A Travellerspoint blog

People in Colorado

Don't have lips

Or rather they do, they’re just thin and weathered, as if the wind from the mountains inverted them. And they’re drier than we are on the coast. Proximity to the ocean changes people. The closest of us get brined. We live a rough life in the elements, drink rum, eat fish, know it’s salt that runs in our veins. Those farther away know sky and rock and feel the hum of us all in the dry thin air. We are bleached out and tanned and polished by the wind while the others, they’re freeze-dried, their colors in tact but weightless. It’s the salt you see, the mother we never had, calling to us into the crash of the waves.

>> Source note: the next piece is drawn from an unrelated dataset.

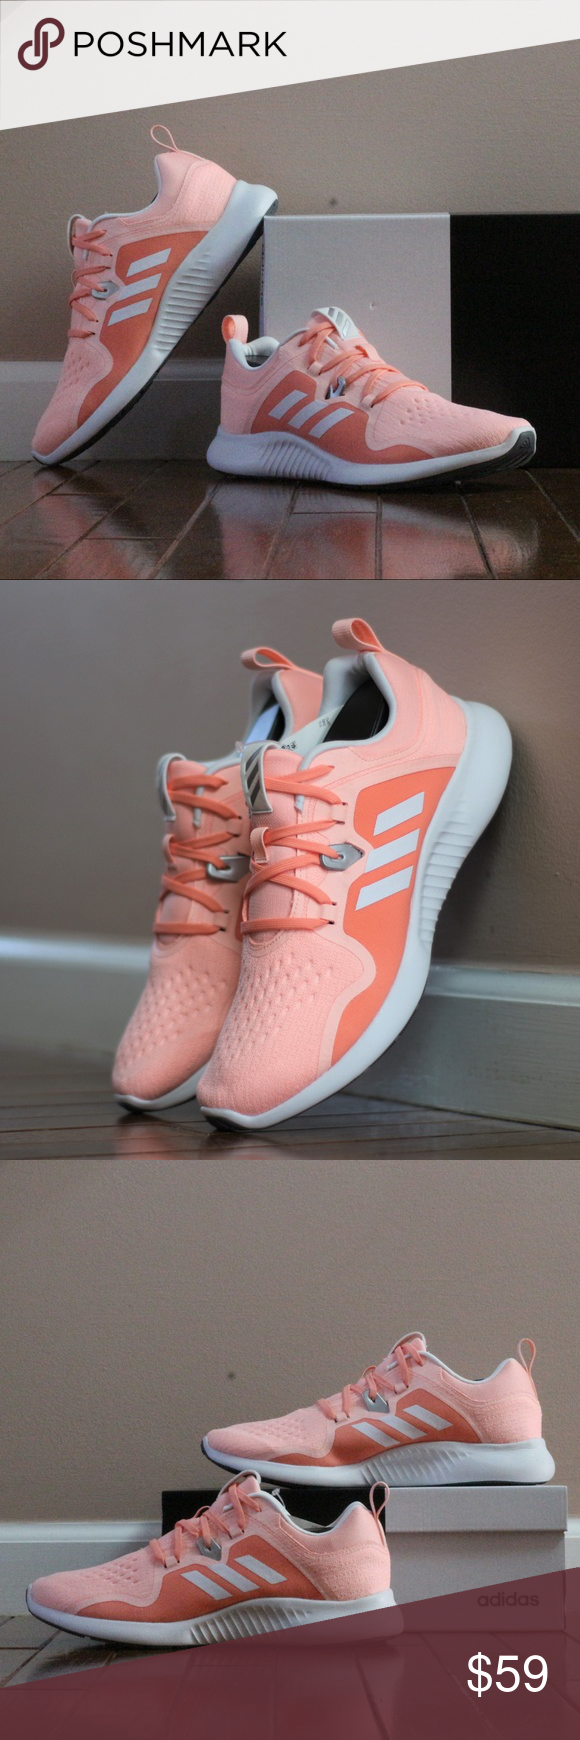 f82ed780739 Adidas Women US-9 Running Shoe AC7104 Brand New

Stepping into the ocean is coming home. Climb a mountain, you’re ascending to the sky. Curvaceous they may be but mothers they are not. They are cold and powerful and can eat you alive. In the mountains, exposure is real in a way it could never be in marshland. 5 below and snowing still amongst the pines and birches and laurels is cold but pretty. Out here, you can freeze to death on a sunny day. There is something vast in this wilderness that feels like swimming so far out into the ocean you know if you swim any farther you won’t make it back. You see your own death. You see real defeat. You see the world as it is; so much bigger than yourself. You see your own mortality. And you see wizened folk without any lips and you think to yourself, God, I miss New York.